Two recent reminders from the U.S. Department of Labor that if you do business with the federal government, it will hold your feet to the fire if there is evidence you’ve not given minorities and women fair opportunity at being hired.

The department’s Office of Federal Contract Compliance Programs announced that Meyer Tool Inc. Meyer Tool Inc. has agreed to settle allegations of hiring discrimination on the basis of race involving 60 African-American applicants who were rejected for entry-level machinist positions at the company’s manufacturing plant in Cincinnati. Under the terms of the agreement, Meyer Tool will pay $325,000 to the 60 applicants and extend job offers to at least 11 members of the original class as positions become available.

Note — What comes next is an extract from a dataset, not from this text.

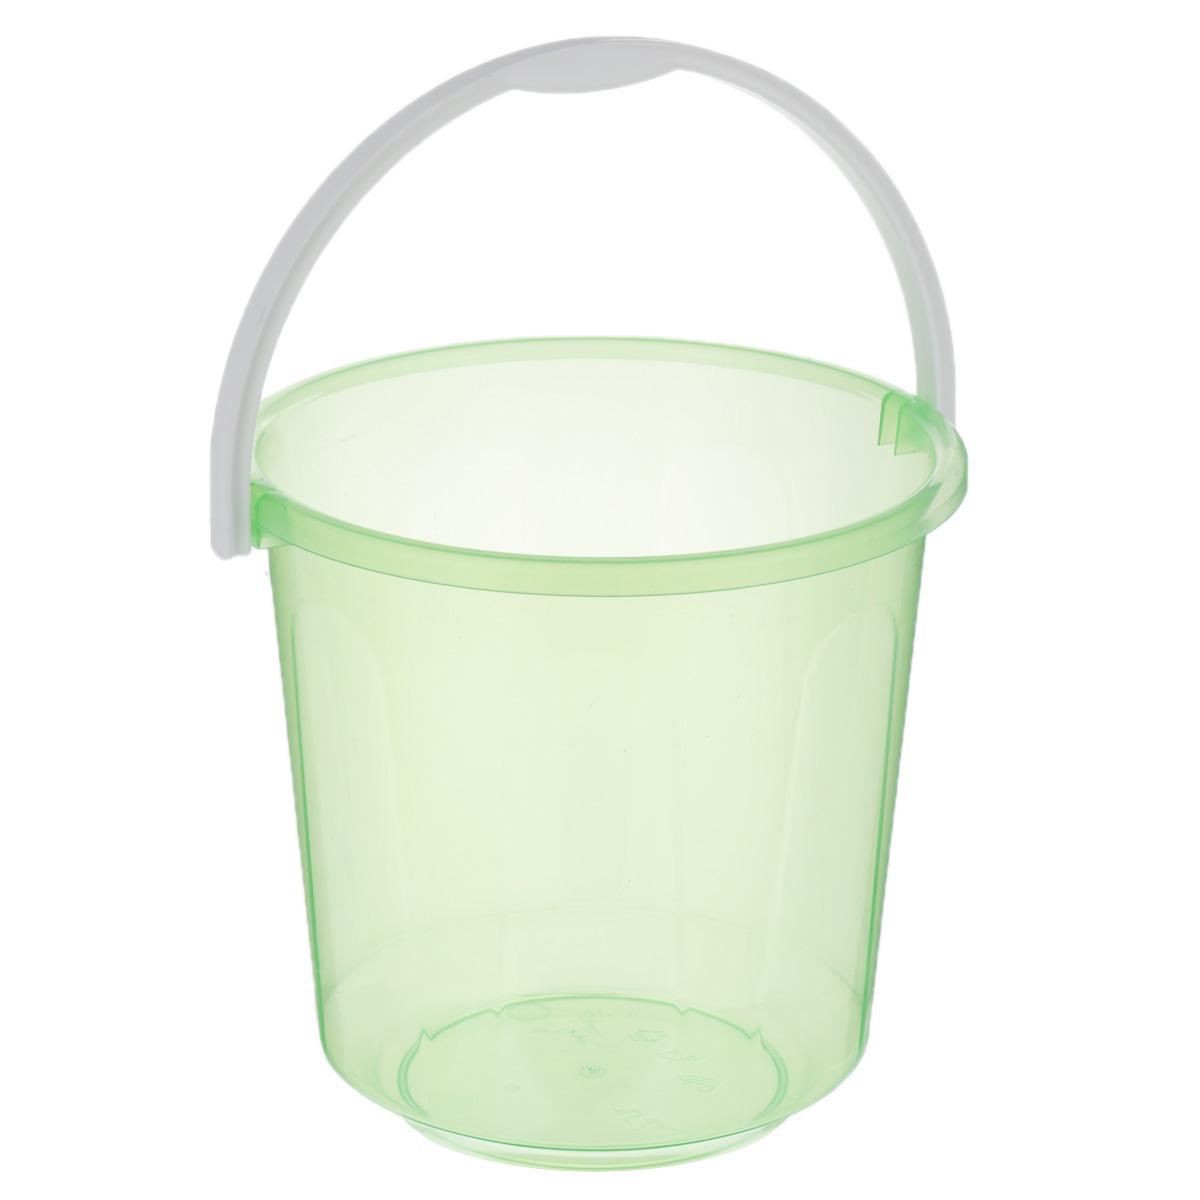 Ведро Хозяюшка, цвет: зеленый, 7 л. М1205М1205Маленькое ведро Хозяюшка изготовлено из пластмассы. Предназначено специально для начинающего садовода. В нем можно принести воды или использовать его для переноски земли. Диаметр ведра: 24 см. Высота ведра: 23 см.

In the second settlement, Minnesota-based Lund Boat Co. and its parent company Brunswick Corp. settles allegations that the companies systematically discriminated against women who applied for entry-level positions at Lund’s boat manufacturing plant in New York Mills, Minn.  Under the terms of a consent judgment approved by the department’s Office of Administrative Law Judges, Brunswick and Lund have agreed to pay $295,000 in back wages and interest to 185 female job applicants who were rejected for employment. The companies will also extend job offers to at least 27 women in the original class as general laborer positions open.

These particular settlements fall under Executive Order 11246, which forbids discrimination against minorities and women. But the OFCCP also enforces Section 503 of the Rehabilitation Act of 1973, which requires affirmative action for persons with disabilities, and the Vietnam Era Veterans Readjustment Assistance Act, which prohibits discrimination because a person is a veteran.